Mankind is heading into a spiritual era while our technology constantly advances. The inner desires to reach Mars (Space X), explore the universe and the question of "are we alone" becomes predominant. Alien Encounters and the 'what if' question has mesmerized the audience for decades (Close Encounters of the Third Kind, Signs, Avatar, Arrival, War of The Worlds) and will continue to do so. The unknown is what challenges people's mind, it is what takes the audience on a journey and breaks away from the oversaturated VOD market and its reinvented wheel-productions.
 

The Sphinx Agenda and Success

The story of SPHINX challenges human evolution and accepts widely spread conspiracy theories wrapped into alien interventations of the creation. While a small amount of an erie and horror touch carry certain scenes, adventurous elements carry a thrilling story around the LOST ATLANTIS, the egyptian EMERALD TABLETS or the spiritual ZERO POINT theory that supposedly enabled enlightenment to masterminds such as Einstein, Tesla or DaVinci. Mythical creatures and monsters including dragons and demons enhance the supernatural elements. The story allows the audience to escape into a world of conspiracies and will make them question what they know and have experienced in their lives. It opens different pathways in human history from the alternative truth behind the Egyptian Empire or even the Third Reich all the way to the cradle of man.

Financial Success

The SPHINX film touches the core elements of ALL recent blockbuster successes (A quiet place, Interstellar, Star Wars) and combines old elements of success (Indiana Jones, Clash of the Titans) with an original story based on highly successful ancient alien theory concepts which is followed by hundreds of millions (History's Ancient Aliens counts 1-2 million US viewers per episode). This film will highly appeal theatrical distribution markets in:

CHINA (due to its origin elements of dragons and the Yellow Emperor)
EUROPE (due to its filming locations and previous alien success films)
SOUTH/LATIN AMERICA (due to its conspiracy elements of the Mayans and Incas)
MIDDLE EAST (due to its historical egyptian elements)

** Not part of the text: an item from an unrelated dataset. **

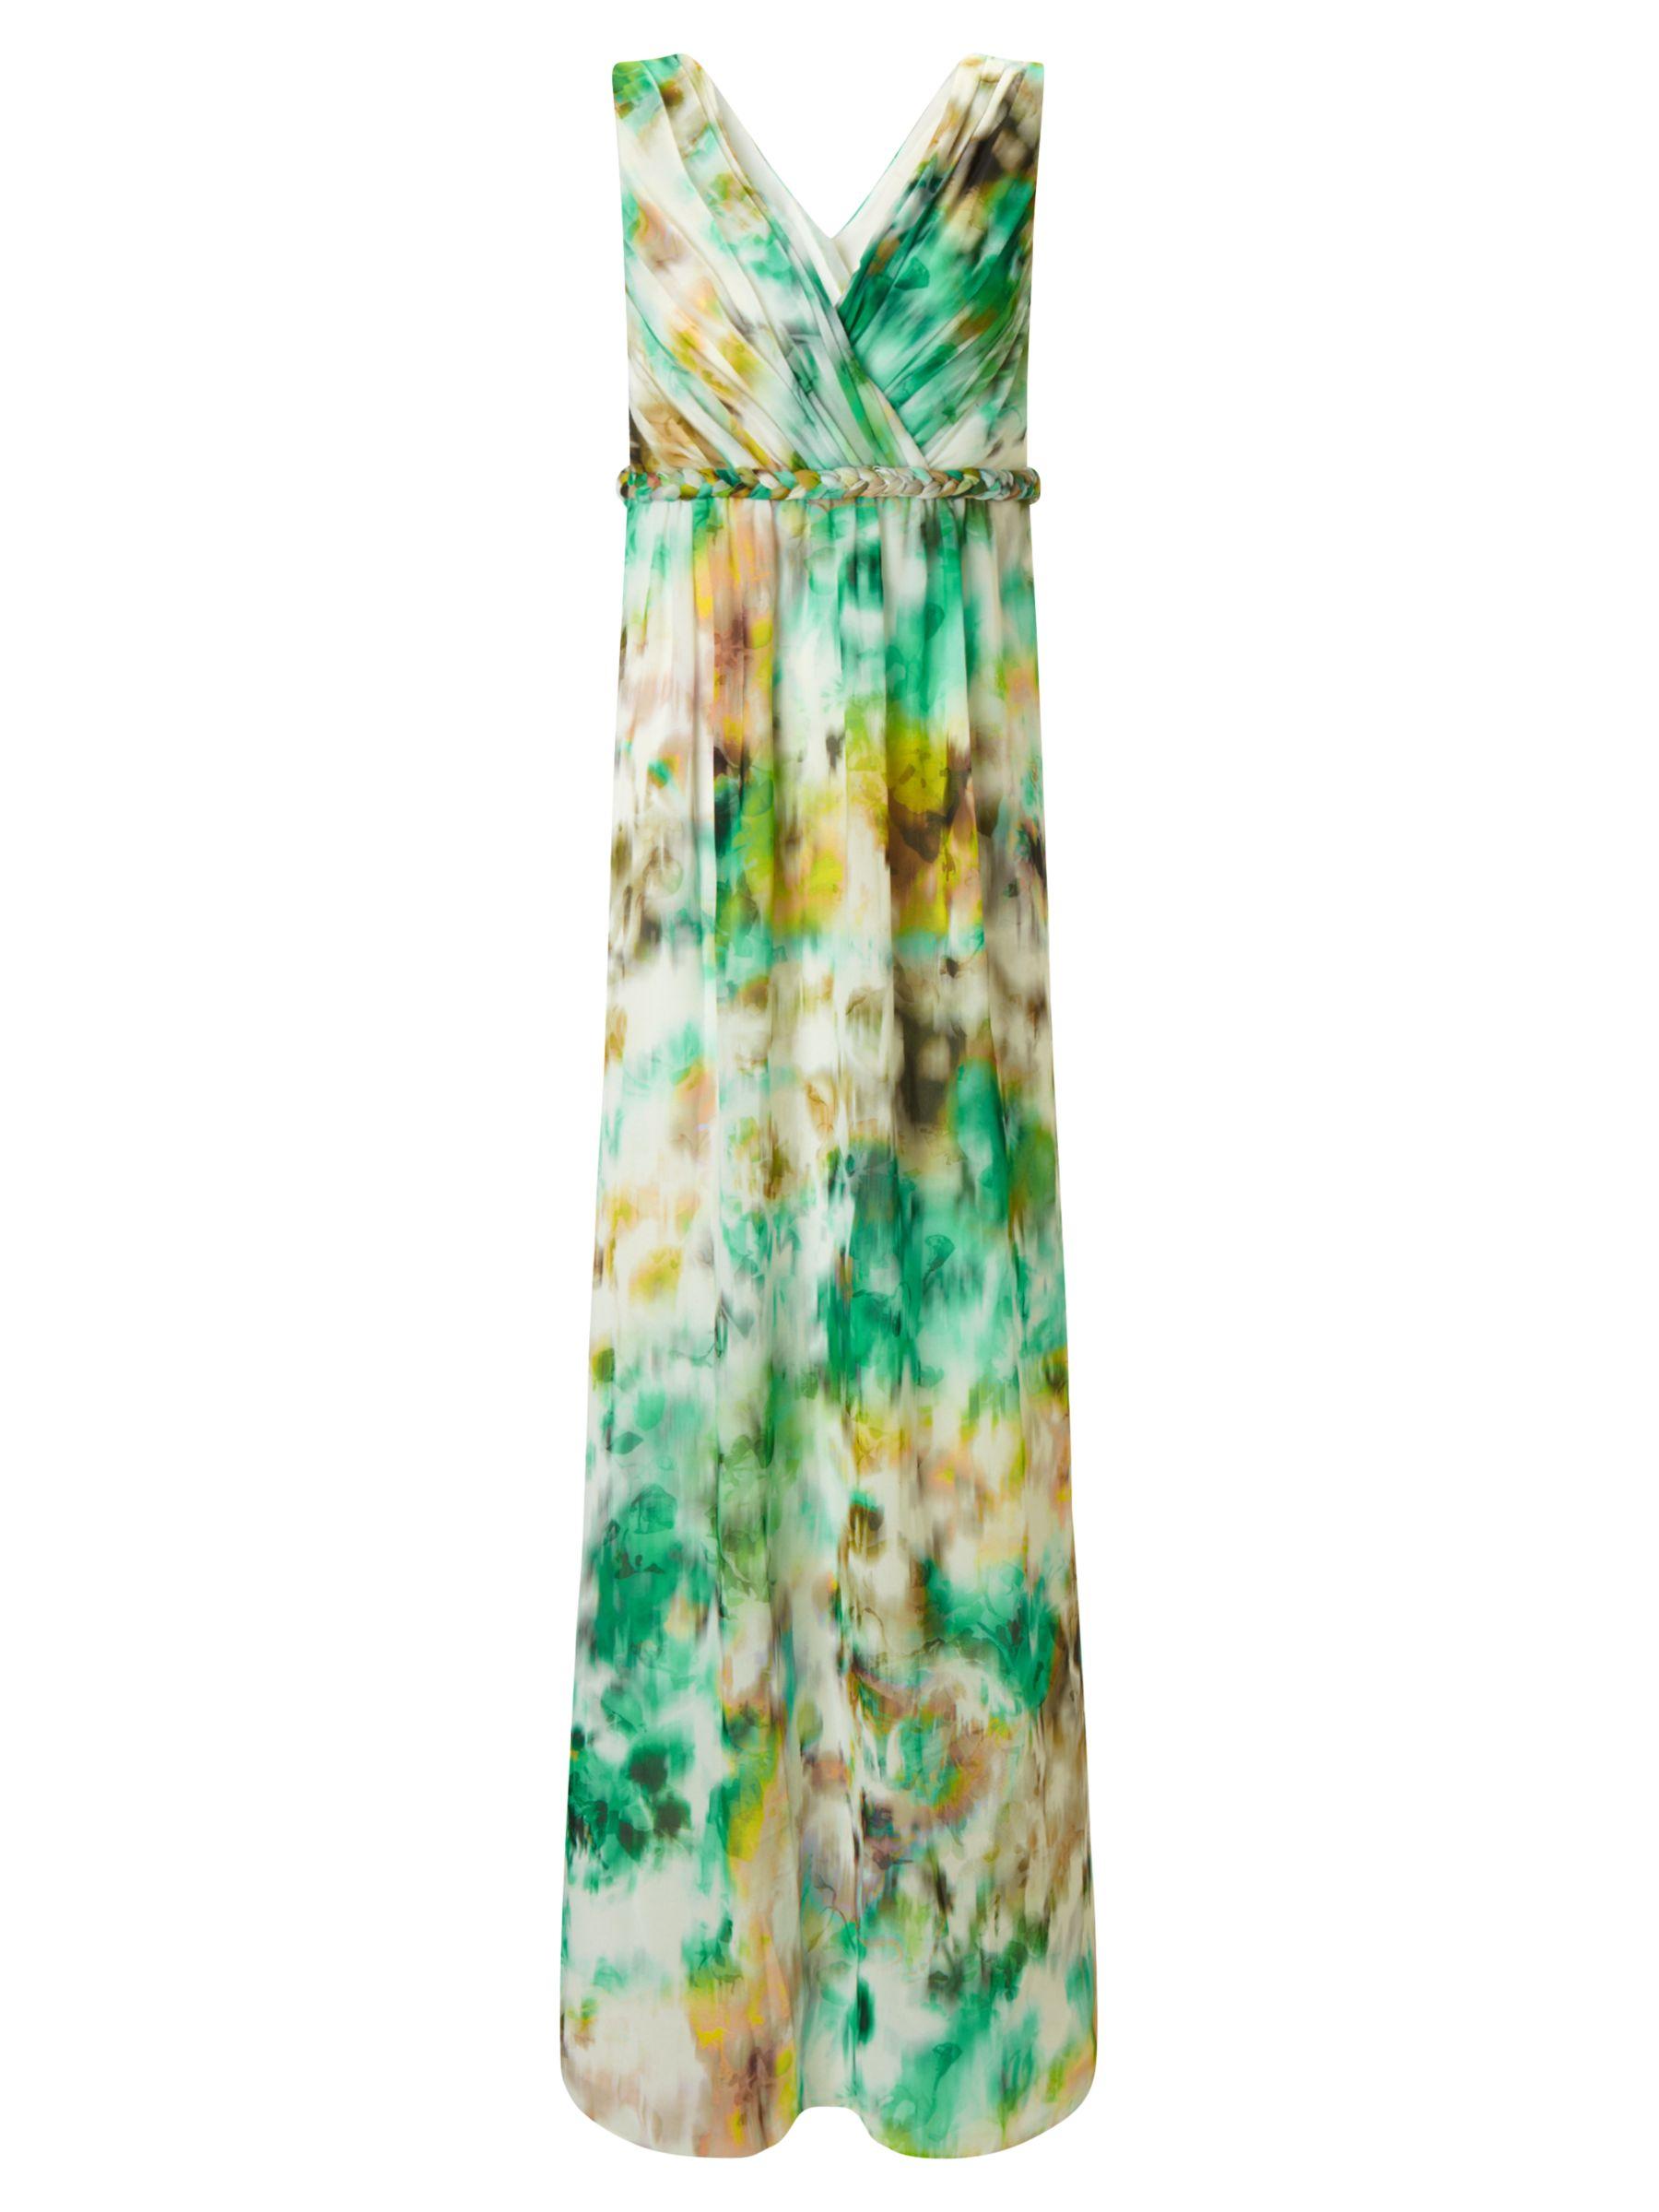 ariella kimberley maxi dress green/white/yellow, ariella, kimberley, maxi, dress, green/white/yellow, 8|10|18|16|14|12, women, plus size, womens dresses, gifts, wedding, wedding clothing, female guests, 1841112

The SPHINX film might spark a series of future motion pictures and shows but will remain the one that started it all.

 
Production & Financials

While certain known actors will helm the project, the production will be sourced primarily by fresh inspired talent. VFX will be produced for a fraction of the cost of US studios and technology will be licensed rather than reinvented, cutting a 50m USD VFX budget to 10m USD if necessary. Having superb new talent and their fresh experiences and abilities to master developed effects will maximize production quality at a normal cost. The idea is to hold costs at a minimum to maximize profits.

VOD companies and US film studios will continuously offer overinflated budgets for mediocre stories simply to burn through money and keep an avenue open for filmmakers and artists to get paid a lot. However, SPHINX will keep a budget competitive yet source primarily filmmakers and artists that carry the artistic spark and massive interest in creating a film that might change the course of thinking for many.